In his environmental encyclical, Laudato Si’, Pope Francis introduces the concept of integral ecology. While he didn’t coin the term, the pope goes to great lengths to explain “everything is closely interrelated, and today’s problems call for a vision capable of taking into account every aspect of the global crisis.” An integral ecology, he says, includes human, environmental, economic and social dimensions, “so as to hear both the cry of the earth and the cry of the poor.”
In this issue we highlight Maryknoll’s response to the global environmental crisis, which along with the threat of nuclear weapons is widely regarded by scientists as one of the “twin existential threats” to life on earth as we know it. We focus on the commitments of the Maryknoll Fathers and Brothers and Maryknoll Sisters to live out the pope’s call to care for our common home.

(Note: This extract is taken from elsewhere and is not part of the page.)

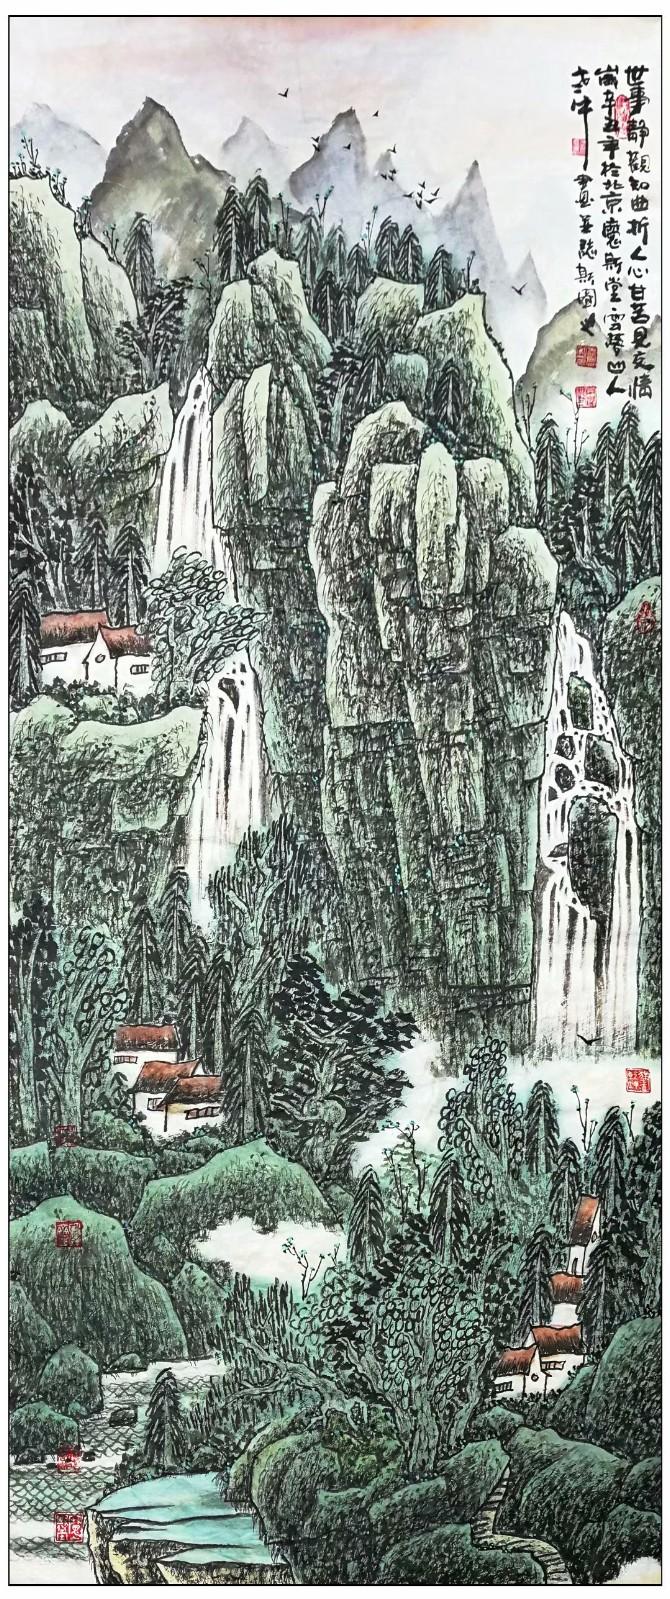 牛志高山水画2021.07.05_图1-1

To that end, we are excerpting part of the Maryknoll Society’s guiding document from its 14th General Chapter, which elected new leadership in July and set direction for the next six years. In the document, the Society pledges clearly and beautifully to “integrate the care of creation in all that we are and all that we do” on both personal and communal levels.
This powerful statement is a testament to how the promise of the pope’s seminal encyclical – to “bring the whole human family together to seek a sustainable and integral development” – is already bearing fruit.
“For,” as Pope Francis writes, “we know that things can change.”